/google_books_crawler

Python crawler for getting books' metadata from the Google Books API using asyncio and aiohttp

Primary LanguagePythonMIT LicenseMIT

Google Books API Crawler

Python License Twitter

This repository contains the code for a Python-based crawler that gets metadata from books using the Google Books API. Provided with a list of ISBNs, it leverages asyncio and aiohttp for executing concurrent requests to download the metadata associated with those ISBNs.

How to use

  1. Clone repository: git clone https://github.com/dylanjcastillo/books_crawler.git
  2. Install dependencies: conda env create -f environment.yml
  3. Go to the GCP Console and generate new API key
  4. Go to your Kaggle's account and generate an API token
  5. Fill the required fields in the config_example.ini file and save it as config.ini
  6. Execute crawler from the command line:
    • Regular execution: python run_crawler.py
    • Clearing cache execution: python run_crawler.py --clear-cache
    • Get help on how to run the crawler: python run_crawler.py --help

Limitations

  • This is not meant to crawl all the available books in the Google Books API. You need to provide a list of valid ISBNs (as in the Goodreads-books dataset) and the crawler will download the metadata associated with those books.
  • The intial Goodreads-books dataset contains ~12k books, however many of them do not return valid responses.
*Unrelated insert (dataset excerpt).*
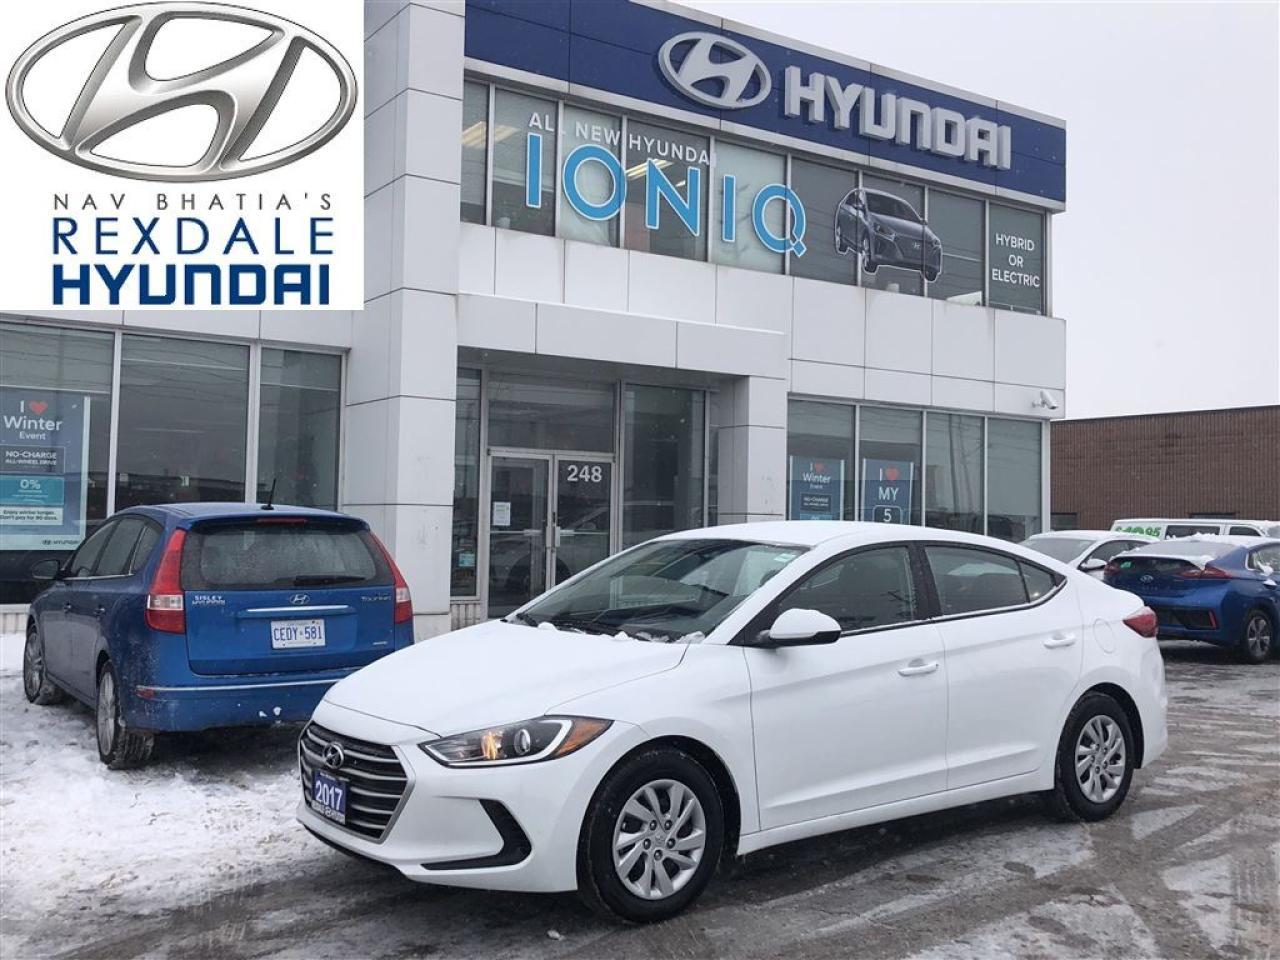 2017 Hyundai Elantra LE- AUTO, A/C, PWLM & KEYLESS ENTRY

It is possible to add different fields for doing the requests, so it should be possible to improve the number of matches. However, this is not yet implemented.
  • To avoid having timeouts on the request, you need to generate an API key in the Google Clould Platform Console. But don't worry it's completely free!
  • If you don't want to manually download the data, you'll need to generate a Token in Kaggle. It is free and very easy to do!

License

This project is licensed under the terms of the MIT license.